Founder compensation. Riverside Ventures’ Alex Pattis wrote up a great post on the delicate balance of how much founders should pay themselves. “Taking a too low salary will mean putting your personal life in a high-stress position, while taking a too high salary will make investors question your business decisions.” While geography and cost of living should be factors to consider, according to Kruze Consulting the average founder salaries based off amount raised are:
“-0 to $2m raised → Avg = $106k
-$2m to $5m raised → Avg = $135k
-$5m to $10m raised → Avg = $171k
-$10m+ → Avg = $199k”

The VP hiring mistake. Jason Lemkin tweeted about a hiring mistake we’ve often seen founders make. “I see about 50% of SaaS founders make a truly terrible VP hire. Just terrible. Common denominator? The VP worked somewhere very well-known before, but many stages later. And/or is very well known”. Hiring VPs who have relevant stage experience is usually a better recipe for success.

HOW TO VENTURE

OpenView winding down. In news few saw coming, one of the top funds, OpenView, is winding down. The fund laid off most of its staff and will no longer make new investments. OpenView had employed at least 74 people and had raised a total of $2.4B. Why are they shutting down? Recent returns were lackluster and it is speculated that the “departure of some partners may have also triggered a clause that allows limited partners to restrict investments when certain senior leaders leave.” Gil shared his sobering take on the news “Lots of people seem to believe that there must be a scandal.
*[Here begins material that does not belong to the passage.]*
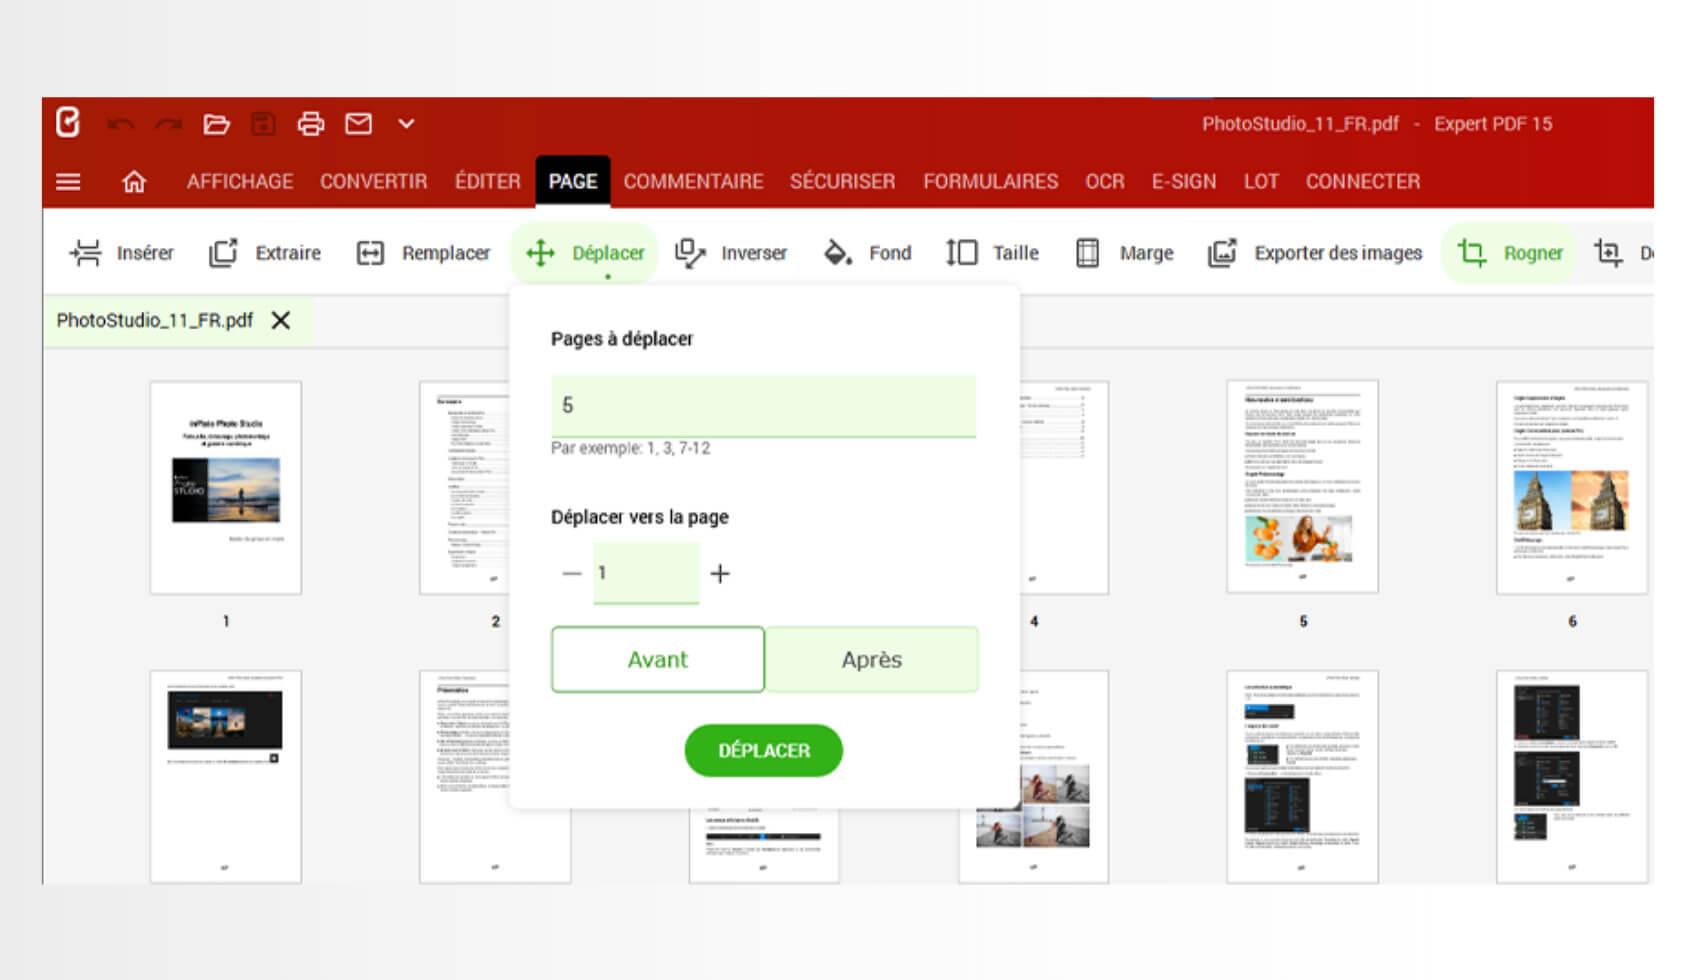 Agencez à votre guise vos fichiers PDF grâce à aux différentes fonctions de déplacement, suppression, extraction, rognage, rotation et copie de pages.Depuis le module Page, cliquez sur le bouton Insérer pour ajouter des pages vierges ou provenant de fichiers PDF pour compléter vos documents.

I doubt it. No one wants to believe something even scarier — that even one of the best in the business couldn’t make it work.”

PORTFOLIO NEWS

Dust Identity, an Angular portfolio company that authenticates products by marking them with invisible diamond dust, raised a $40M Series B to enter new markets, including sports, luxury goods and art. The round was led by Castle Island Ventures and joined by Amex Ventures, Airbus Ventures, Kleiner Perkins and 8VC.

CruxOCM’s CEO, Vicki Knott, weighed in on how oil and gas companies could ramp up their use of GenAI.